The new minister for home affairs, Tony Burke, has confirmed he is looking at ways to allow Palestinians who fled to Australia to stay longer, saying no country should send people back to Gaza right now.
Burke said it was understandable that the government used visitor visas as its first response to the crisis, but acknowledged action was needed because the visas were expiring and the Israeli offensive was continuing.
“Certainly no country in the world would send people back to Gaza at the moment … so we have to work through what happens as the visas that people are currently on expire,” Burke told Sky News on Sunday.
“You’ve got lots of people who have experienced serious trauma, they’ve suffered great loss of family and friends with the killings that have occurred over there, and they’re also in a situation where for many of them the homes where they used to live are now rubble.”
The Palestinian community, refugee advocacy groups and the Greens are urging Burke to offer those fleeing Gaza a special humanitarian pathway like those offered to Afghans in 2021 and Ukrainians in 2022.
The Nine newspapers reported that a special visa pathway would be created for Palestinians, but Burke declined to reveal the details on Sunday on the basis that the government had yet to make the decision.
Burke, a veteran Labor frontbencher who was appointed to the combined portfolio of home affairs and immigration last week, said he was committed to security checks for visa applicants.
He said he would not put any other issue ahead of community safety.
But the Coalition’s defence spokesperson, Andrew Hastie, said the idea “looks quite reflexive from the government, it looks hurried”.
Hastie said Burke and some of his Labor colleagues in western Sydney were “under immense pressure” over the government’s response to the war in Gaza.
“He could have a pro-Gaza independent run against him and so I think this is where this has come from,” Hastie told Sky News.
“I think it’s right for the Australian people to have transparency and accountability on this issue. And we want to see as much detail as possible. We don’t want to see hurried visas issued out of political expediency.”
Hastie said it was “very important” that the opposition leader, Peter Dutton, had travelled to Israel last week to “affirm our important bilateral relationship”.
When asked directly whether there was “any aspect of the way the Netanyahu administration has conducted this war that makes you uncomfortable”, Hastie refrained from any specific criticism of the Israeli government.
Hastie said war was “very, very messy” and no one wanted to see deaths of civilians “on both sides”.
“No one wants to see the death of innocents and that’s why this tragedy could have been avoided if Hamas had not raised the sword on October 7 in the first place,” Hastie said.
At least 39,550 Palestinians have been killed during the Israeli military offensive on Gaza since 7 October, the Gaza health ministry said in a statement on Saturday.

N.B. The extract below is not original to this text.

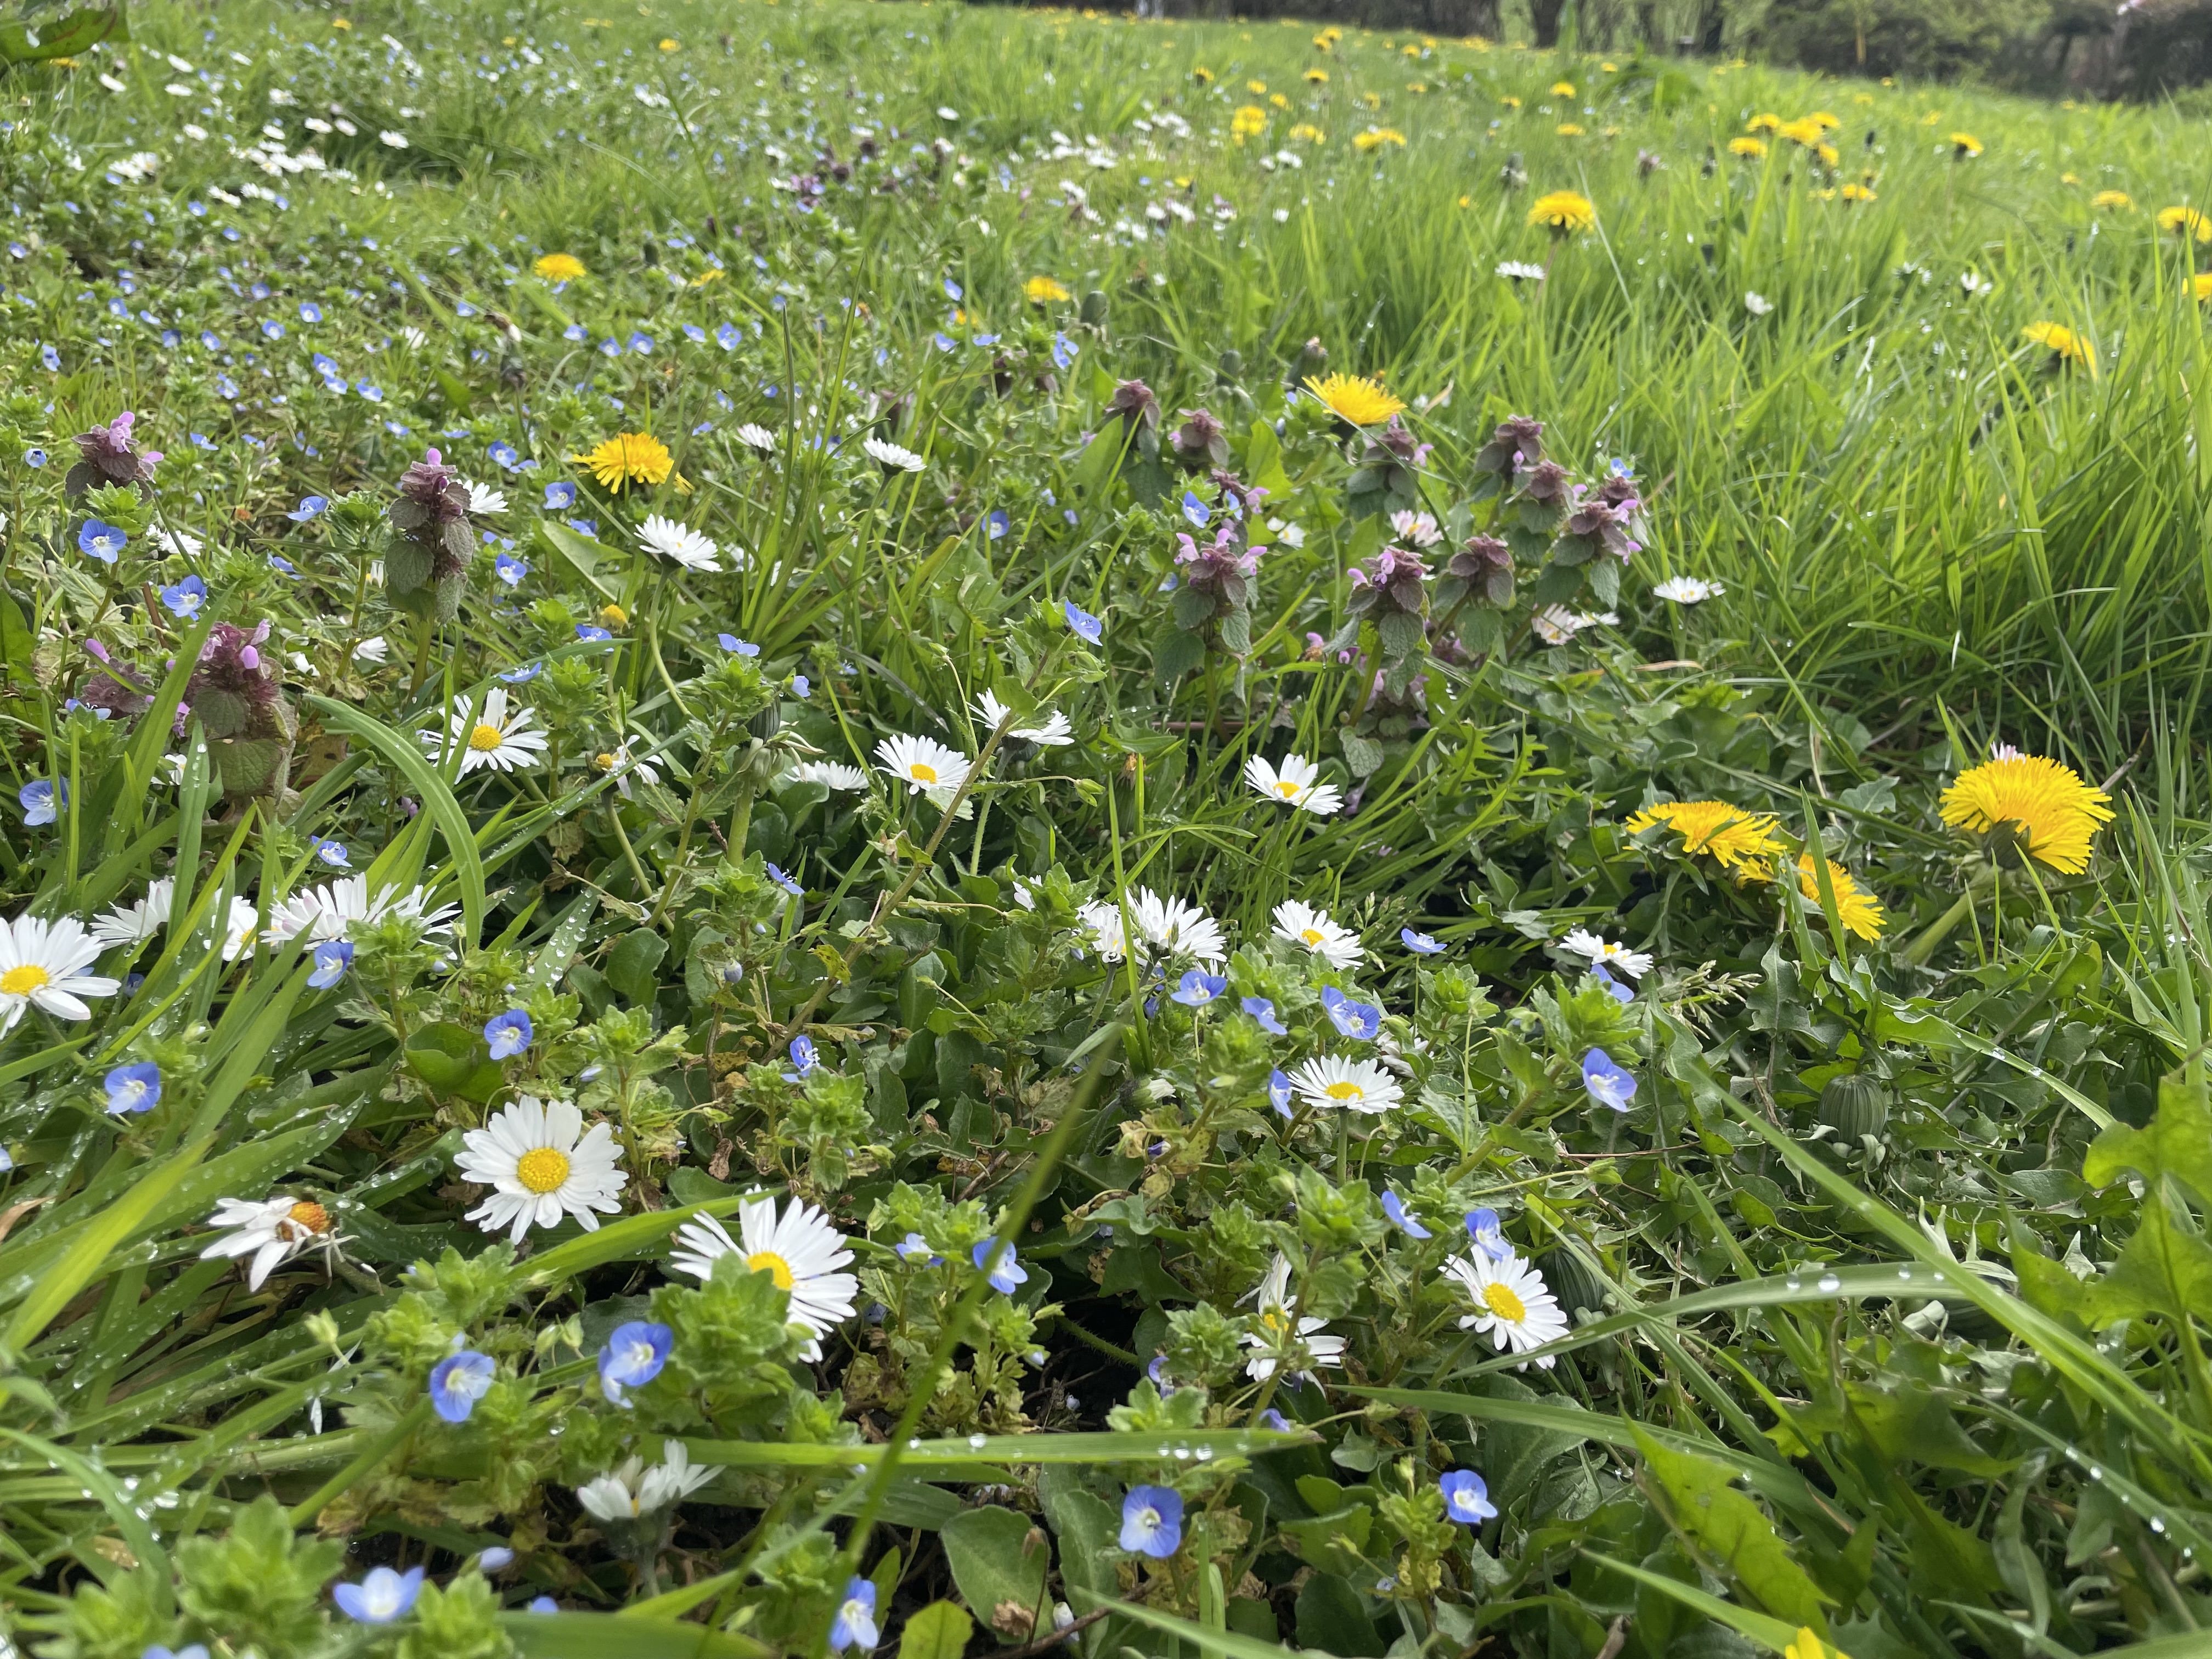 Daisies, dandelions and speedwell amongst lawn grass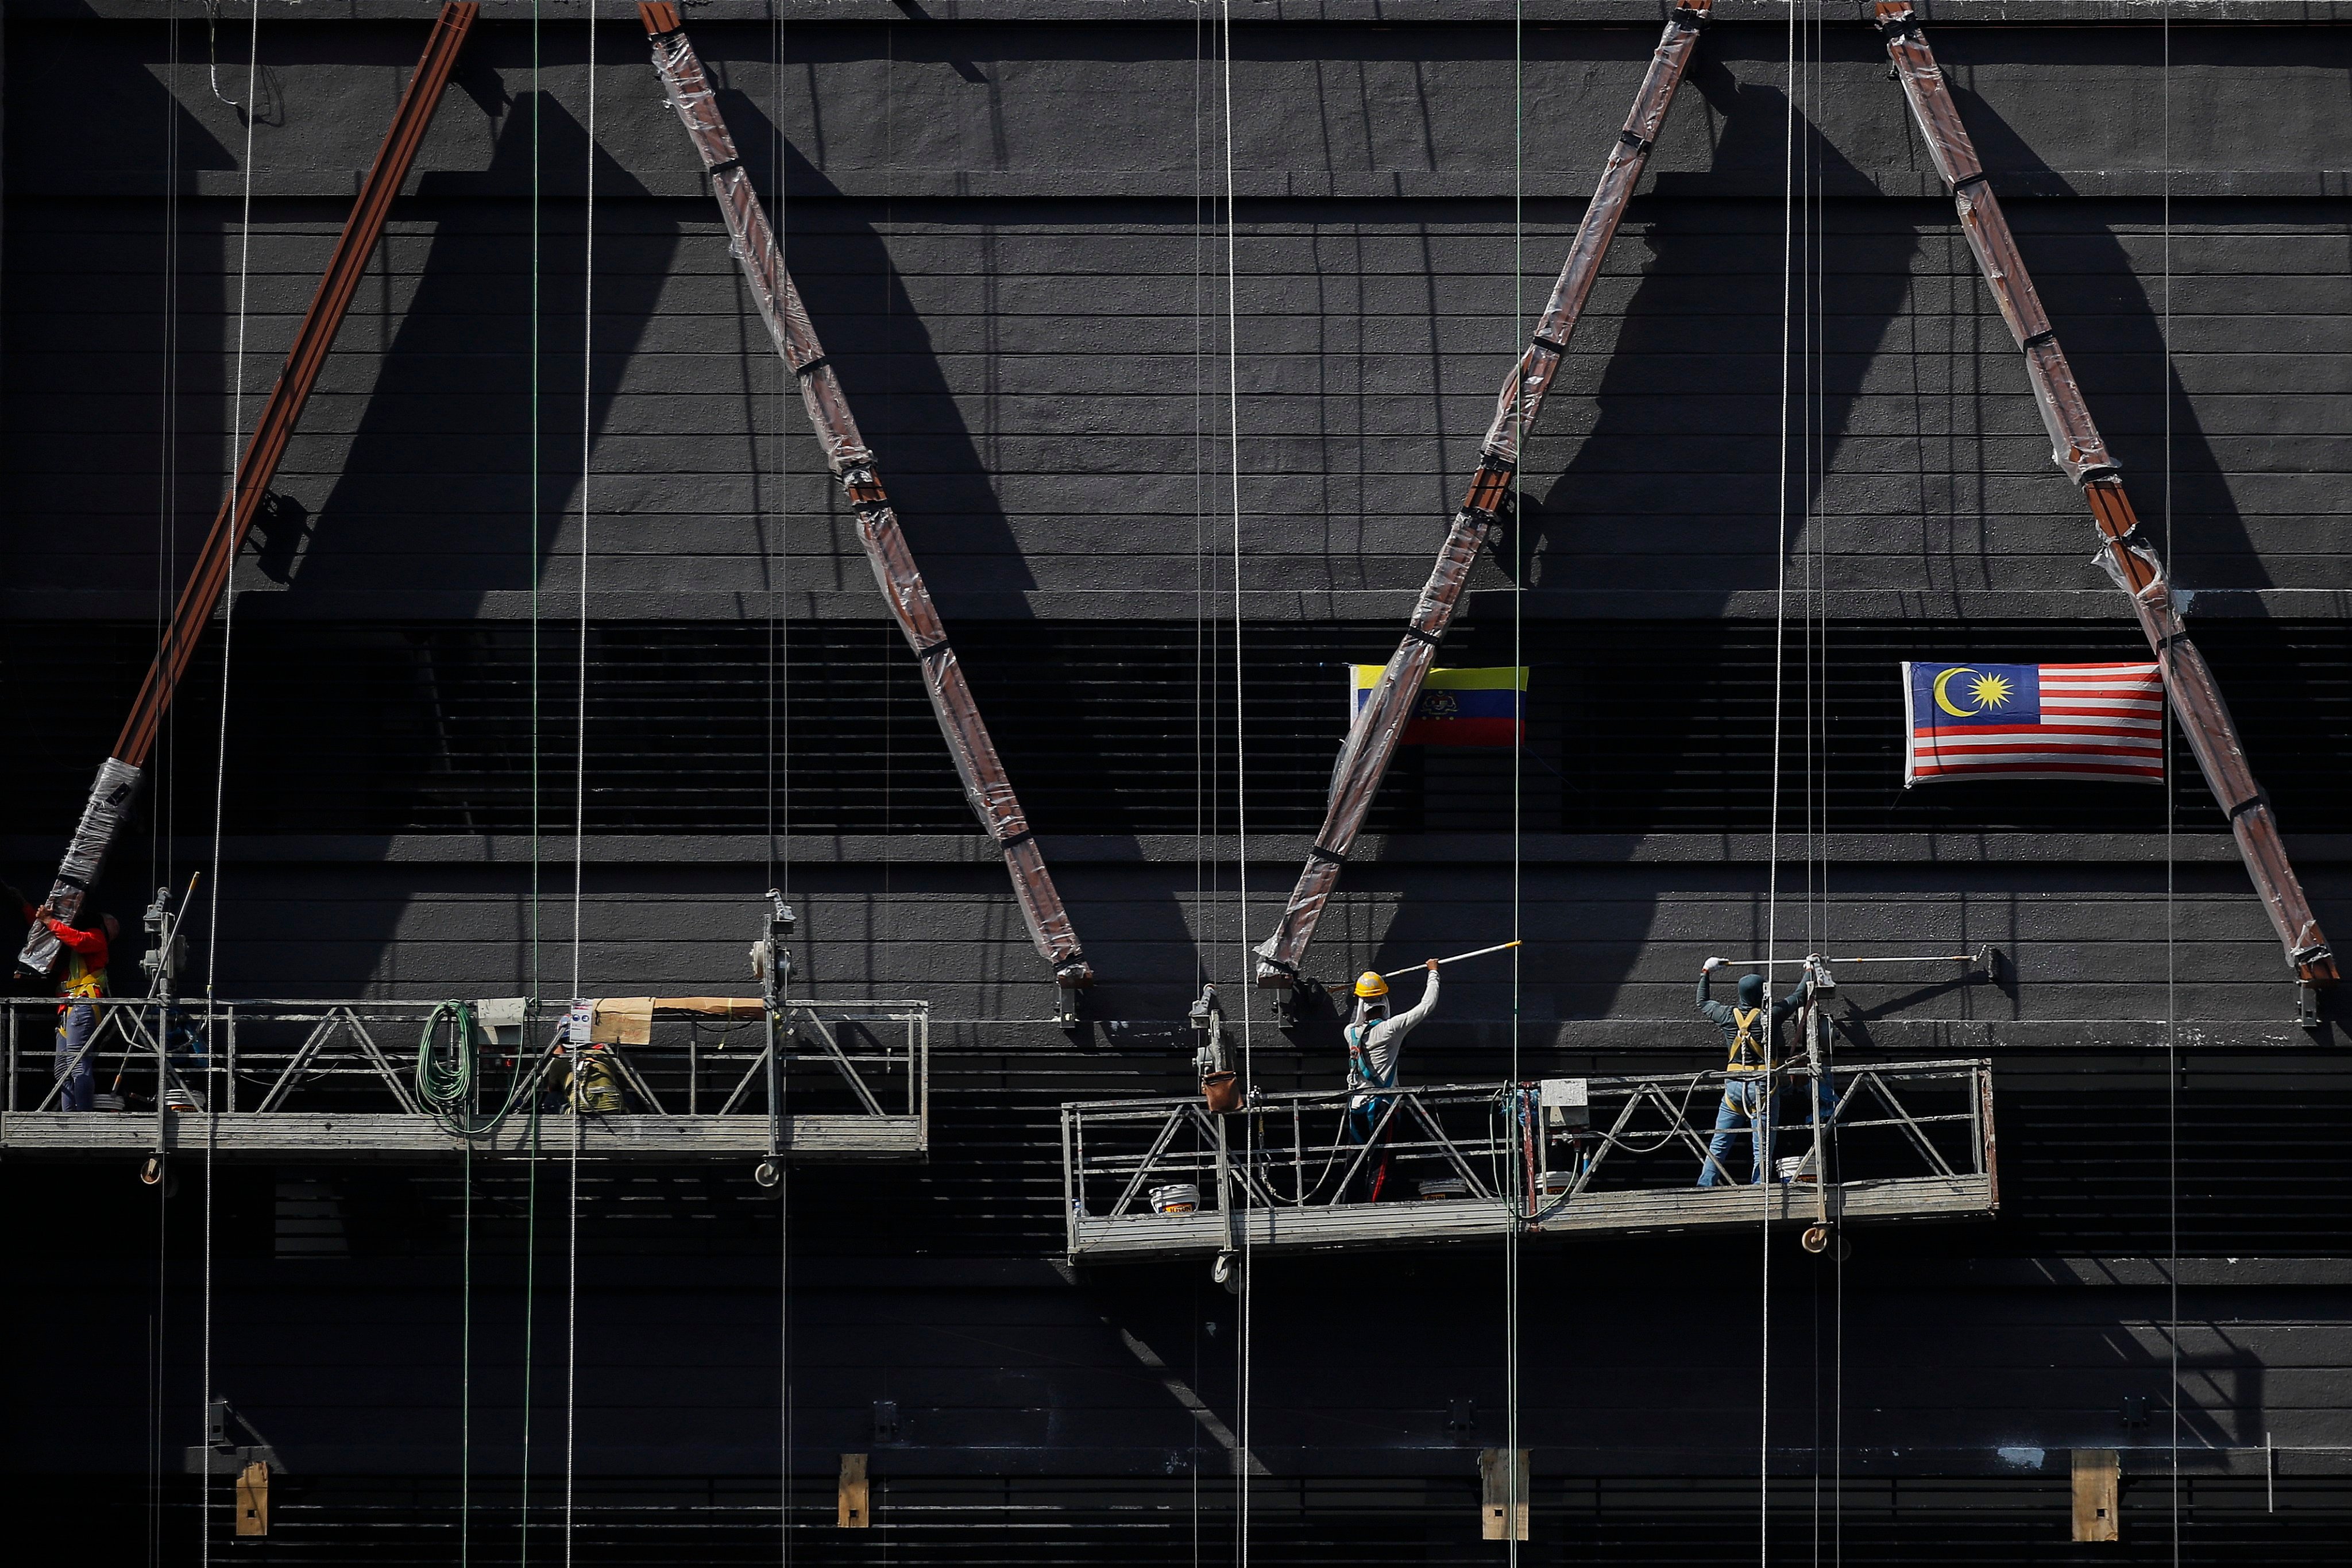 Construction workers paint a building in Kuala Lumpur. Malaysia has been in the spotlight for months over allegations that forced labour, debt bondage and scam jobs have riddled its recruitment market for foreign labour. Photo: EPA-EFE

The offensive was launched in response to the Hamas-led attack on Israel on 7 October in which about 1,200 people were killed.
In newly published comments, the federal Labor minister Ed Husic said Australia “should be open to” levelling sanctions against the Israeli government, including its prime minister, Benjamin Netanyahu.
Husic told the Sunday Telegraph the Israeli prime minister would “need to be held to account for the conduct of the conflict”.
“The tenor in the campaign is set from above,” the minister for industry and science told the paper in an extended interview.
“People will have to be held to account for the scale of that killing.”
Husic added that he was firm in the need to hold Hamas to account for its actions, including killing and hostage-taking.
“I’ve always put myself in the shoes of Israeli parents who can never see their kids again after what Hamas did,” he told the Sunday Telegraph.
“But equally, I don’t think Palestinian mums and dads and particularly kids should cop the brunt of the retribution.”
The foreign minister, Penny Wong, has repeatedly said Australia is “not a central player in the Middle East”, but is using its “respected voice” to push for peace.
Burke, when asked about Husic’s calls for sanctions on Sunday, said he believed the most important priorities were “to make sure that we get an immediate ceasefire, that civilians are protected, that the dire humanitarian crisis is dealt with, and that international humanitarian law [is] be kept to and respected”.